Lina, that's terrible. Thanks for the info! There's some sick people out there.
Gina


----------



## ama0722 (Nov 28, 2006)

That is terrible and I could easily see people falling for it. I recently had a collection call for a "mandy brown" and they tried to do the same thing! They said in order for them to not call, I would need to verify my social security number....


----------



## maryam187 (Jul 18, 2007)

OMG, that's the last thing I need this year. Thanks for the info, I probably would've given them all info out of fear to be deported or something, LOL.


----------



## Carefulove (Mar 20, 2009)

Thanks.

Just this week, I got a call on my Cell phone from a "collection agency" that claimed to be trying to collect funds from me ($70) on behalf of Columbia House.

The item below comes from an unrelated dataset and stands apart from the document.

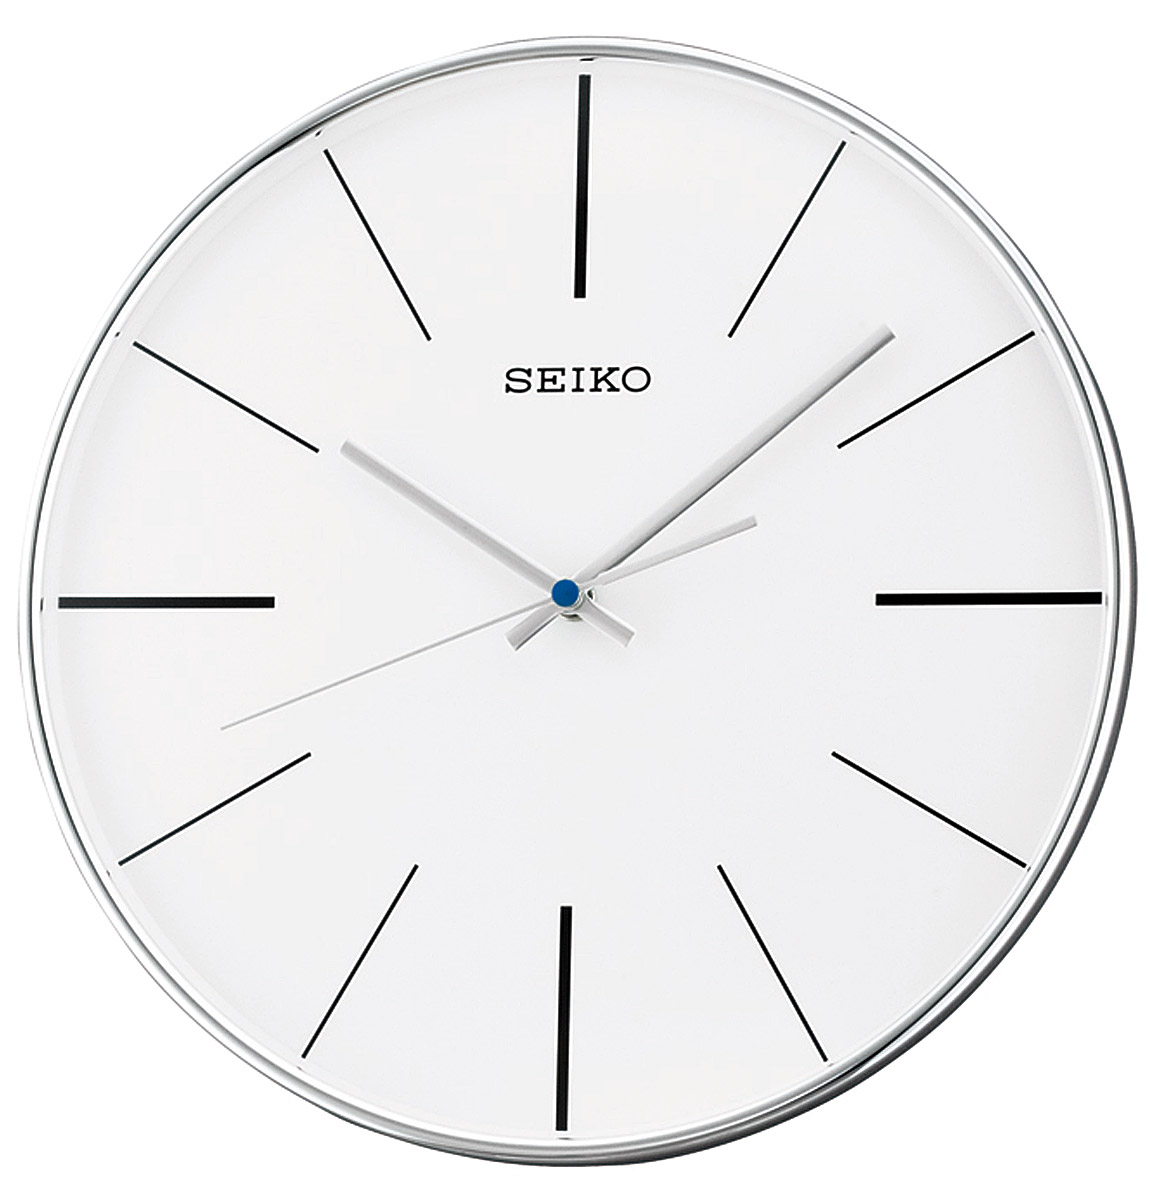 Варианты циферблата. Настенные часы Seiko qxa634a. Часы настенные кварцевые Seiko qxa653k. Настенные часы Seiko qxa020s. Настенные часы Seiko qxa342s.

The claim is from 1998. I had to laugh out loud when she finished talking. And to think that peolpe do fall for that!


----------



## Evye's Mom (Dec 16, 2008)

Carefulove said:


> Thanks.
> 
> Just this week, I got a call on my Cell phone from a "collection agency" that claimed to be trying to collect funds from me ($70) on behalf of Columbia House. The claim is from 1998. I had to laugh out loud when she finished talking. And to think that peolpe do fall for that!


I will have to share this with my daughter. She got a call last week from a so-called collection agency on behalf of "Chase" saying she owed $8000 from a so-called debt 12 years ago.


----------



## Janet Zee (Mar 16, 2007)

Lina.....I saw this on CBS News 2 days ago. It's terrible what some people will do, the reporter stated that most of the calls originate outside the US.


----------